Studies have shown that BAT activity is increased when mice are overfed, thus protecting them from obesity. Furthermore, in humans, an increase in BAT was associated with a lower body weight. Additional studies in mice have shown that short-term exposure to cold increases BAT activity, accelerating plasma clearance of triglycerides, a process dependent on local lipoprotein lipase activity. In pathophysiological settings, cold exposure corrected hyperlipidaemia and improved the effects of insulin resistance. Thus, while an unhealthy diet and sedentary lifestyle are the two chief drivers of the obesity epidemic, lack of exposure to temperature variation could be a subtle contributor. Taken together, these findings imply that BAT activity controls vascular lipoprotein homeostasis by increasing the turnover of triglyceride-rich lipoproteins and uptake into BAT, suggesting therapeutic potential for the management of elevated triglycerides, as well as in obesity. Determining which genes control the development of white and brown adipose tissue represents the first step in this novel therapeutic approach. 

References

Berbée JF, Boon MR, Khedoe PP, Bartelt A, Schlein C, Worthmann A, Kooijman S, Hoeke G, Mol IM, John C, Jung C, Vazirpanah N, Brouwers LP, Gordts PL, Esko JD, Hiemstra PS, Havekes LM, Scheja L, Heeren J, Rensen PC. Brown fat activation reduces hypercholesterolaemia and protects from atherosclerosis development. Nat Commun 2015;6:6356.

Dijk W, Heine M, Vergnes L, Boon MR, Schaart G, Hesselink MK, Reue K, van Marken Lichtenbelt WD, Olivecrona G, Rensen PC, Heeren J, Kersten S. ANGPTL4 mediates shuttling of lipid fuel to brown adipose tissue during sustained cold exposure.
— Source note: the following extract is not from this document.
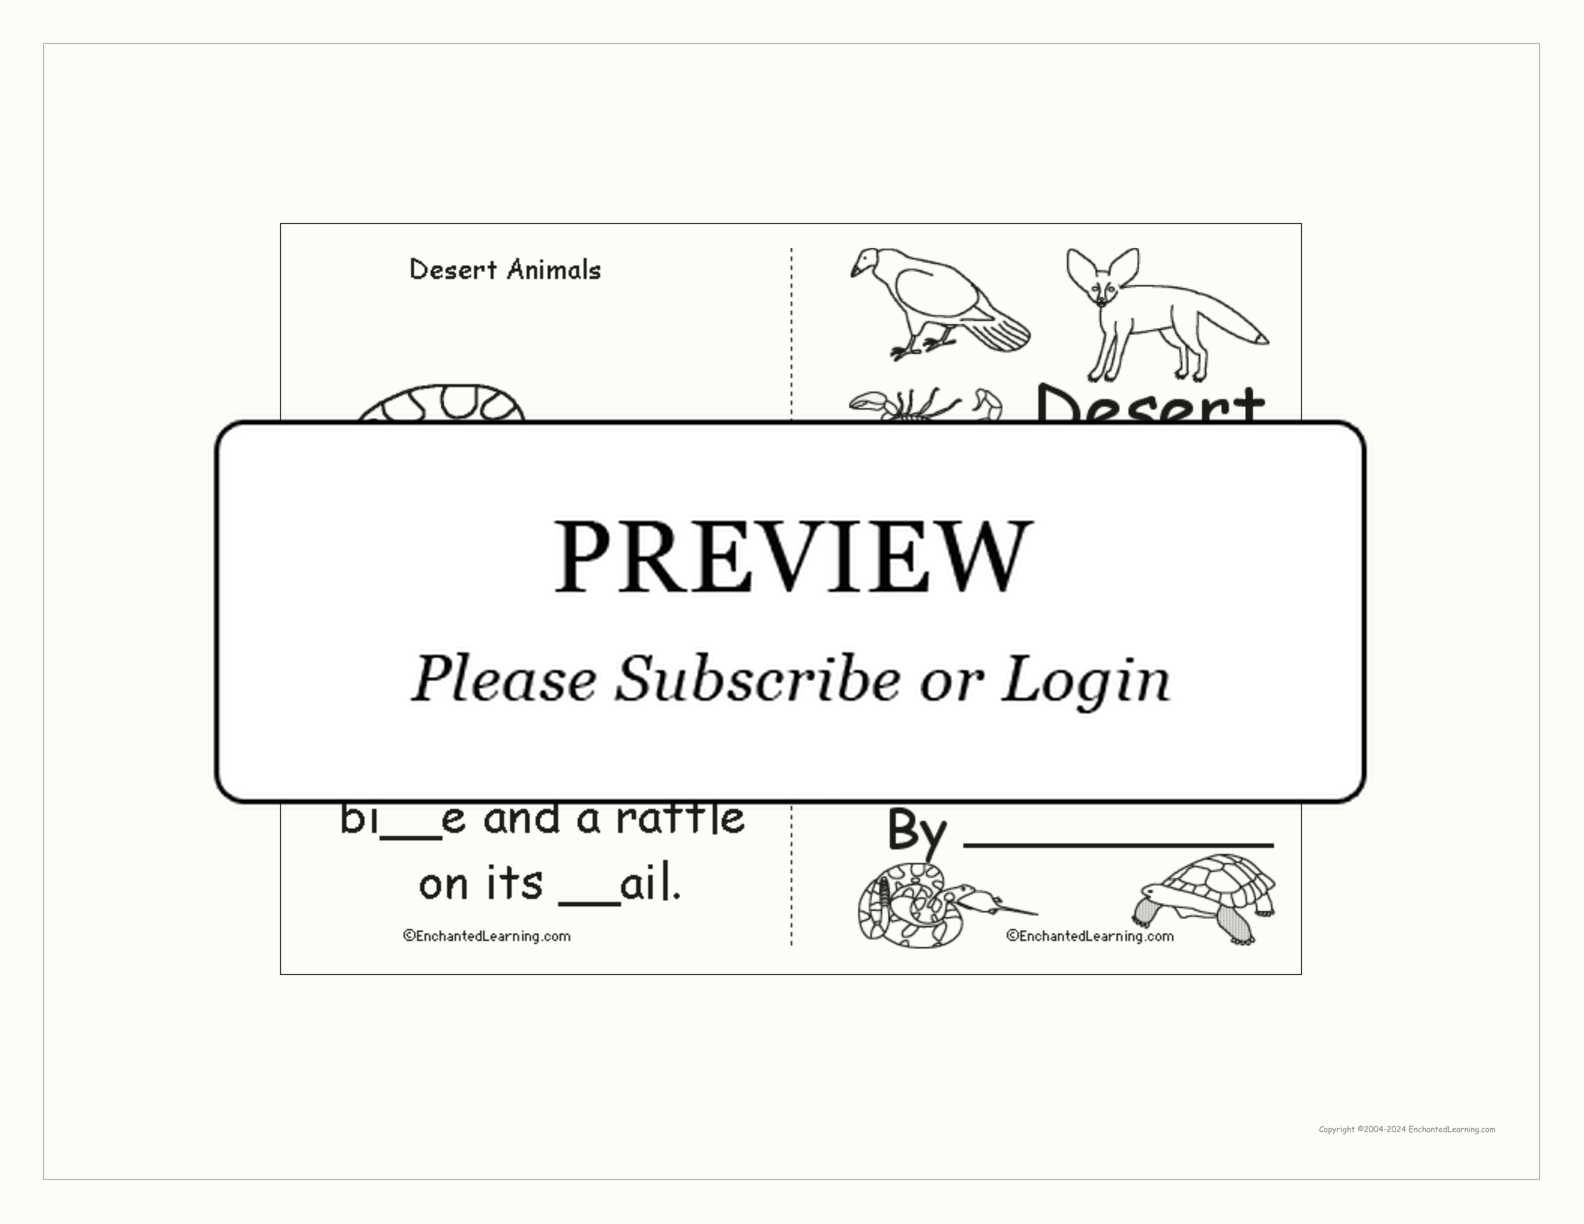 Desert Animals Book interactive printout page 1

Elife 2015 Oct 17;4. [Epub ahead of print]

Hoffmann LS, Etzrodt J, Willkomm L, Sanyal A, Scheja L, Fischer AW, Stasch JP, Bloch W, Friebe A, Heeren J, Pfeifer A. Stimulation of soluble guanylyl cyclase protects against obesity by recruiting brown adipose tissue. Nat Commun 2015;6:7235.​

David J. Mangelsdorf, USA: Nuclear receptors in lipid metabolism

 David J. Mangelsdorf.jpgDavid J. Mangelsdorf holds the Alfred G. Gilman Distinguished Chair in Pharmacology; and the Raymond and Ellen Willie Distinguished Chair in Molecular Neuropharmacology in Honor of Harold B. Crasilneck, at the University of Texas Southwestern, and is an Investigator of the Howard Hughes Medical Institute. After obtaining his PhD in Biochemistry from the University of Arizona, he completed postdoctoral studies at The Salk Institute for Biological Studies. Professor Mangelsdorf is a member of the US National Academy of Sciences. His research interests focus on the molecular biology and role of orphan nuclear receptors in lipid metabolism, most recently nuclear receptor-initiated endocrine signalling pathways that control feeding and fasting responses and are mediated by the fibroblast growth factors FGF19 and FGF21.
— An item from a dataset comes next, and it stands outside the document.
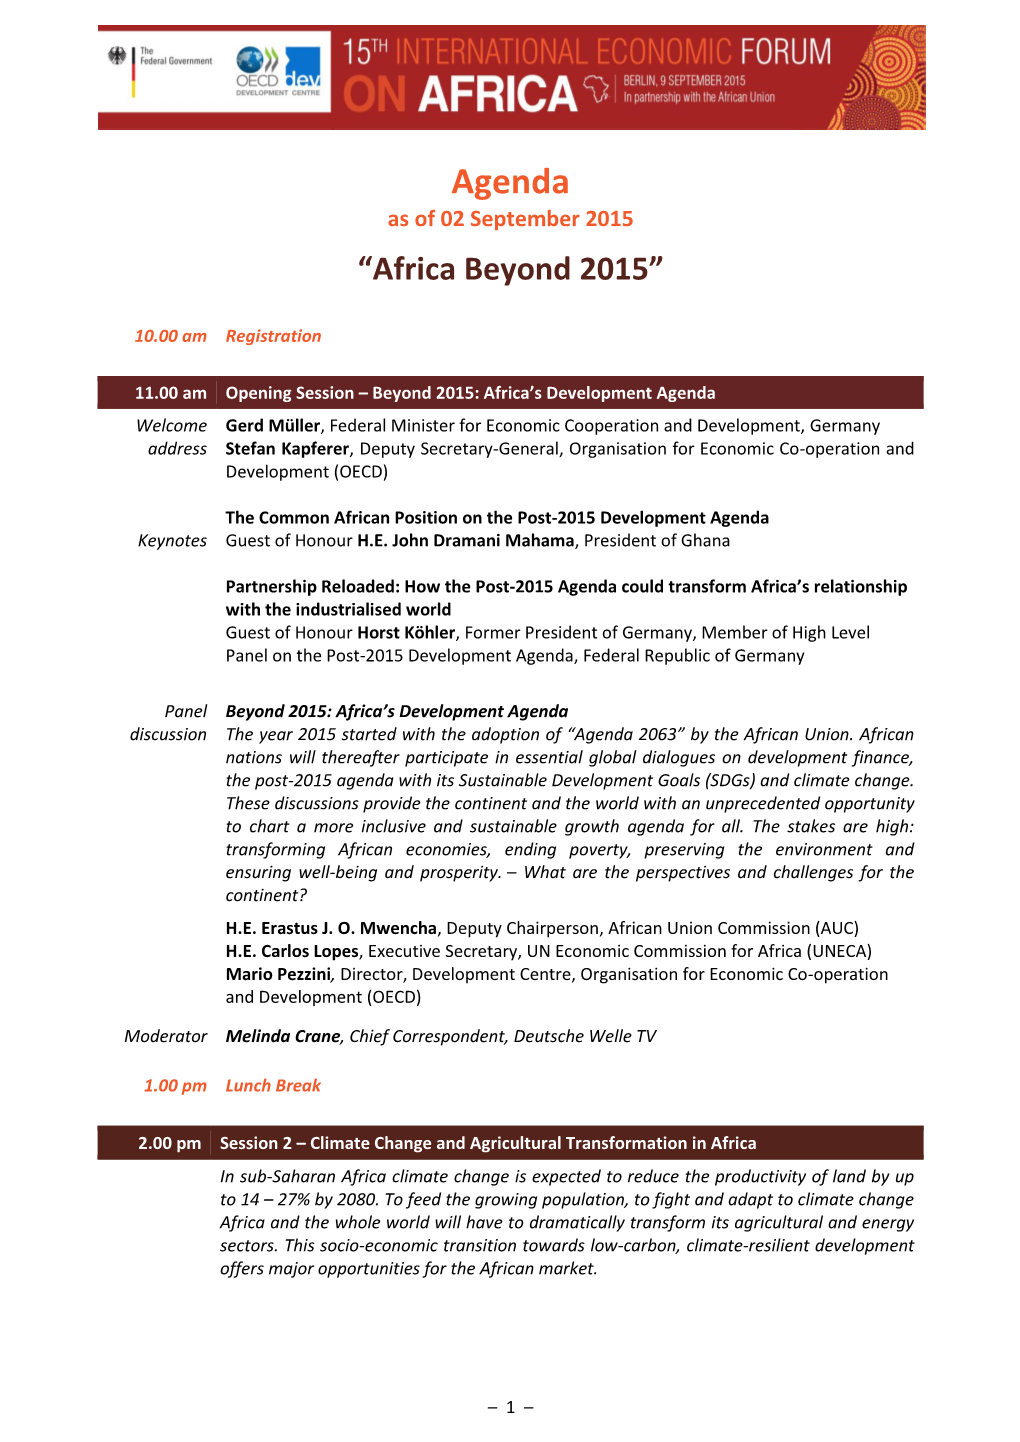 Africa's Development Agenda

Nuclear receptors are ligand-dependent transcription factors involved in many pathways, including lipid metabolism. Discovery of retinoid X receptor (RXR) provided a proof of principle; subsequent research elucidated the peroxisome proliferator-activated receptors (PPARs) and liver X receptor (LXRs). These lipid-activated transcription factors have emerged as key regulators of lipid metabolism and inflammation, exerting both positive and negative control, and thus represent attractive targets for intervention in human metabolic disease.
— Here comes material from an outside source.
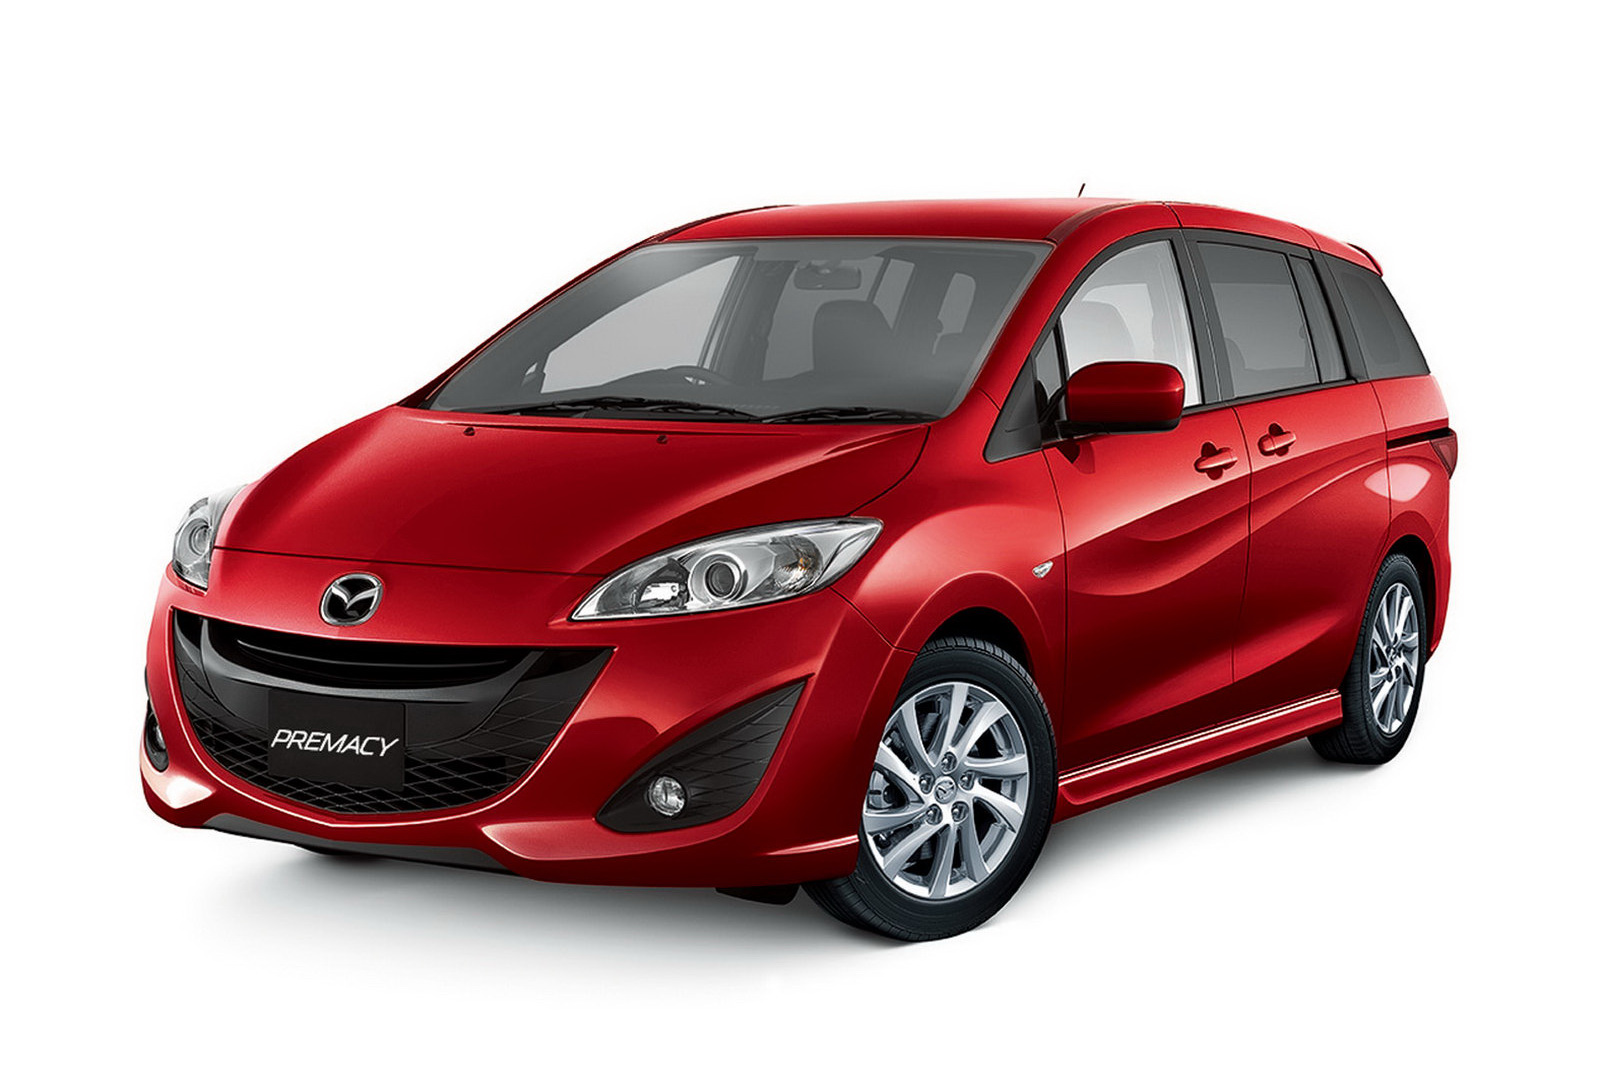 JDM Mazda Premacy / Mazda5 Minivan gets AWD Option

Recent studies have shown that one of the mediators of PPARα action is the endocrine hormone FGF21. In mice, FGF21 promotes several of the body's adaptive responses to starvation, including the mobilisation of stored fat and its conversion into ketone bodies, suppression of growth and female reproduction, and alterations in sleep/wake cycles. Administration of FGF21 to obese animals and humans led to weight loss, as well as reduction in circulating levels of insulin, triglycerides, and cholesterol. These findings suggest potential for FGF21 in the management of the metabolic syndrome, although other effects, such as bone loss and elevated glucocorticoids, need to be minimised. Current evidence suggests that most of the actions of FGF21 are mediated via the brain, thereby indicating a novel neuroendocrine circuit regulating nutrient metabolism.

While the discovery of these nuclear receptors has provided new opportunities for therapeutic intervention, especially for the treatment of human diseases in which lipids have a central role, a number of unmet goals remain. Chief of these is understanding how nuclear receptors control the transcriptional process, and understanding the factors by which signal dependent transcription factors can activate target gene networks.

References

Patel R, Bookout AL, Magomedova L, Owen BM, Consiglio GP, Shimizu M, Zhang Y, Mangelsdorf DJ, Kliewer SA, Cummins CL. Glucocorticoids regulate the metabolic hormone FGF21 in a feed-forward loop. Mol Endocrinol 2015;29:213-23.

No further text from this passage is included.